Having considered the plight of the licensee, what about the licensor that just read its childrenswear licensee, XYZ Co., has filed for bankruptcy. As a result of the automatic stay described above, the licensor cannot take any actions against XYZ Co., even if it is in breach of the license agreement (i.e., it is not paying royalties). Also, the licensor must continue to perform under the agreement until XYZ Co. decides whether or not to accept the contract. For instance, if the license agreement requires the licensor to spend its own funds advertising the XYZ Co. license, the licensor may be obligated to incur such costs even though it is not receiving royalties from XYZ Co., and even though XYZ Co. ultimately may reject the contract.

But the licensor can take preventive measures. In addition to conducting its research into the licensee's financial health, the licensor should keep in mind the following:

  • The license agreement should contain financial covenants, which, if not met, would trigger a termination of the agreement. While a bankruptcy filing generally cannot be used to trigger a termination, the licensor could require that the licensee maintain a minimum amount of cash on hand, or that certain debt-to-equity ratios be met. Failure to meet such covenants would be an early warning of financial problems, and could give the licensor an opportunity to terminate the relationship before the bankruptcy filing occurs.

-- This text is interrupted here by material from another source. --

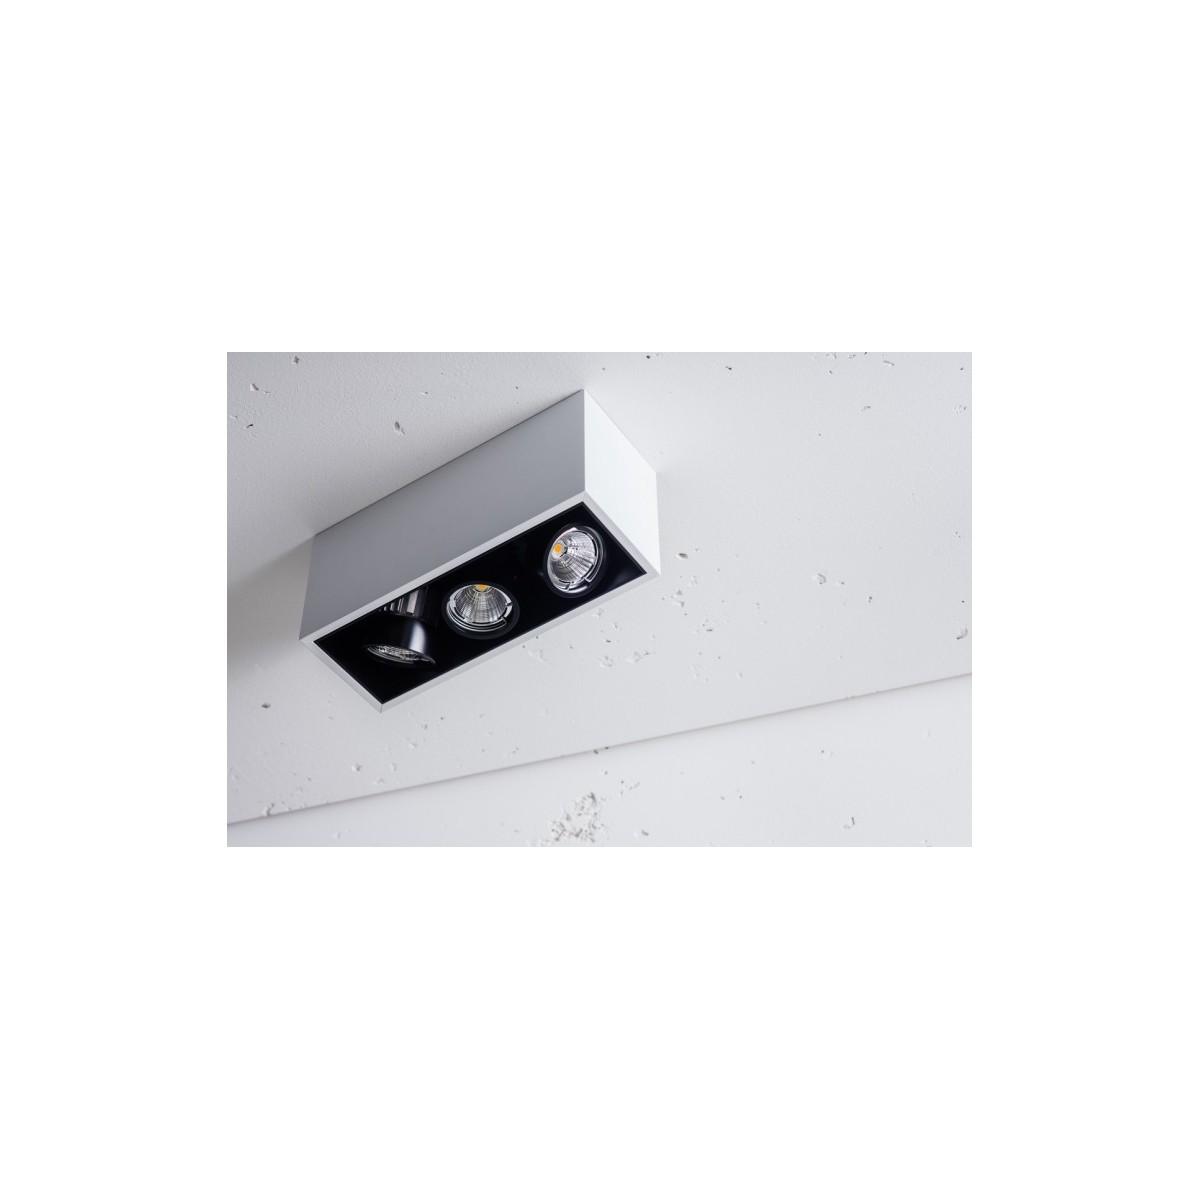 Labra SOLID 110.3 NT LED 3x 5W 3-0702 Sufitowa

  • The licensor would want a sizable up-front and nonrefundable payment, either as payment for granting the license, or that could be offset against future royalty payments. If the licensee rejects the contract, the licensor would keep such payments. This would give the licensee a reason to accept the contract.

  • The licensor likely wants to avoid a situation where XYZ Co. files for bankruptcy protection, and then assigns the contract to a party with which the licensor does not wish to do business. Thus, the agreement should be very clear that the license is personal to XYZ Co., and is not assignable under any circumstances. Also, the contract should specify what a reasonable maximum period would be for the licensee to accept or reject the contract.

While there is no sure-fire means of avoiding the negative impact of a contract partner's bankruptcy filing, a well-drafted agreement can help avoid many of the pitfalls inherent in any bankruptcy. Remember: Time invested now is money saved later.